Across the records below, count every line that contains the string "Foto", then report the count alone.
· · · · · · ·
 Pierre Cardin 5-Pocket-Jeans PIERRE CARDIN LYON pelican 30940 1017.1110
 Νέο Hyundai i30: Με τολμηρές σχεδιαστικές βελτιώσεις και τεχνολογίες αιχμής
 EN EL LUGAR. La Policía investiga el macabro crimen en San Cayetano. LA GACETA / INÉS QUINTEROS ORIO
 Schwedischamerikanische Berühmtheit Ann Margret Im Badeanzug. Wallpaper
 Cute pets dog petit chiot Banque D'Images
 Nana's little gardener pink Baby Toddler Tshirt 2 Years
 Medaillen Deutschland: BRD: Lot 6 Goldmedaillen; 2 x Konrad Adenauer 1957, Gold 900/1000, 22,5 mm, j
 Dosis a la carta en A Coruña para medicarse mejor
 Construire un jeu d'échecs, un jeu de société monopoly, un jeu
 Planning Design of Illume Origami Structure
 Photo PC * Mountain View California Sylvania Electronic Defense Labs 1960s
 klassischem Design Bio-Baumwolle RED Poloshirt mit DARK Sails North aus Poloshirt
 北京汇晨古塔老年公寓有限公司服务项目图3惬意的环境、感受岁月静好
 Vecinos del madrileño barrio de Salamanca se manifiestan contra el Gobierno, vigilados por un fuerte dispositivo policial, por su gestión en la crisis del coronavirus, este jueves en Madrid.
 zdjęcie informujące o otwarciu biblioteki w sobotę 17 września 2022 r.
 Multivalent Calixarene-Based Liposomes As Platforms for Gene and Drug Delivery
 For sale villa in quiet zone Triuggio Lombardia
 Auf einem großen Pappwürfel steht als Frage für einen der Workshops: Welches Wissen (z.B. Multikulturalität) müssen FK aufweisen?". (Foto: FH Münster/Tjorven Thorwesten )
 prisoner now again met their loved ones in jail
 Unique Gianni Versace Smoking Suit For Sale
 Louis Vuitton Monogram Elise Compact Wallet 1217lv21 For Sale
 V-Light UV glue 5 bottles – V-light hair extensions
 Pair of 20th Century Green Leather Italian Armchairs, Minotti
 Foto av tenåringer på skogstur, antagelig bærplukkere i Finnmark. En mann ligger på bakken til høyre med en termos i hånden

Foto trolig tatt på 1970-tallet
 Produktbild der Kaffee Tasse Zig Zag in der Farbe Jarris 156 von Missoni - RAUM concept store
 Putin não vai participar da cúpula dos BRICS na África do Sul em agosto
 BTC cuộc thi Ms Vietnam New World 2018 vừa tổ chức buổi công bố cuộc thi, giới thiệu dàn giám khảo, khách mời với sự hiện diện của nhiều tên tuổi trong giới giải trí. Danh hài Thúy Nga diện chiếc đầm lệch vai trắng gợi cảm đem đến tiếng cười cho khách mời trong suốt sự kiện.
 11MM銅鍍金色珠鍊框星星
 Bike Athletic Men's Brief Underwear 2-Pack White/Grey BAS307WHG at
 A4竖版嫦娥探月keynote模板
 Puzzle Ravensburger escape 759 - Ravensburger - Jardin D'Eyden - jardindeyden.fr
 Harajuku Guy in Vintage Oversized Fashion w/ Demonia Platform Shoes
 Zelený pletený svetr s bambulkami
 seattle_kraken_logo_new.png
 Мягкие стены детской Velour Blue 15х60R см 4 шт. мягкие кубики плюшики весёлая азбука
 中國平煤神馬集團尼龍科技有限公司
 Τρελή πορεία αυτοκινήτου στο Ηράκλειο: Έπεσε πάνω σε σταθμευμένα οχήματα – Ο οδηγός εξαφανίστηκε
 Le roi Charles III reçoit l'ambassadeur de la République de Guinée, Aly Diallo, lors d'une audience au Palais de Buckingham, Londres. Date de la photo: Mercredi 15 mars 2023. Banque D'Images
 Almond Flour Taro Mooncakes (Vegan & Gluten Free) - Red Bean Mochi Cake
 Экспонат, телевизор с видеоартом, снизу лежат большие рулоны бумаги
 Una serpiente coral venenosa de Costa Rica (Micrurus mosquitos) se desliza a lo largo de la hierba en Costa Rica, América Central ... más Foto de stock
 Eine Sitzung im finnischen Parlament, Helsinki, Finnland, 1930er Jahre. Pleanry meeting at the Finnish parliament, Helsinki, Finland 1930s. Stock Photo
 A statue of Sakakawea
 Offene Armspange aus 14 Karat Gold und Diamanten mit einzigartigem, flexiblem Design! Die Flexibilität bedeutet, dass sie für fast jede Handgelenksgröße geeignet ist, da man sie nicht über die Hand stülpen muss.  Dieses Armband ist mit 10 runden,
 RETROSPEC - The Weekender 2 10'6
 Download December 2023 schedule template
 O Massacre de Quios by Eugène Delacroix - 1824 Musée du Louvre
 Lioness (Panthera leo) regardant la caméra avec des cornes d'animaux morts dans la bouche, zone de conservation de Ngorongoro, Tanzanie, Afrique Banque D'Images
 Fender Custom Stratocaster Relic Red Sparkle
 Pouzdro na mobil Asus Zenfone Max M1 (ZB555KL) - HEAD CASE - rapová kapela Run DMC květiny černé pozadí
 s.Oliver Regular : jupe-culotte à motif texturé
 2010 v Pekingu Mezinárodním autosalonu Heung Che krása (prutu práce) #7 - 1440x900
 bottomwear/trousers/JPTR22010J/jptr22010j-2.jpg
· · · · · · ·
TASK SOLUTION: 4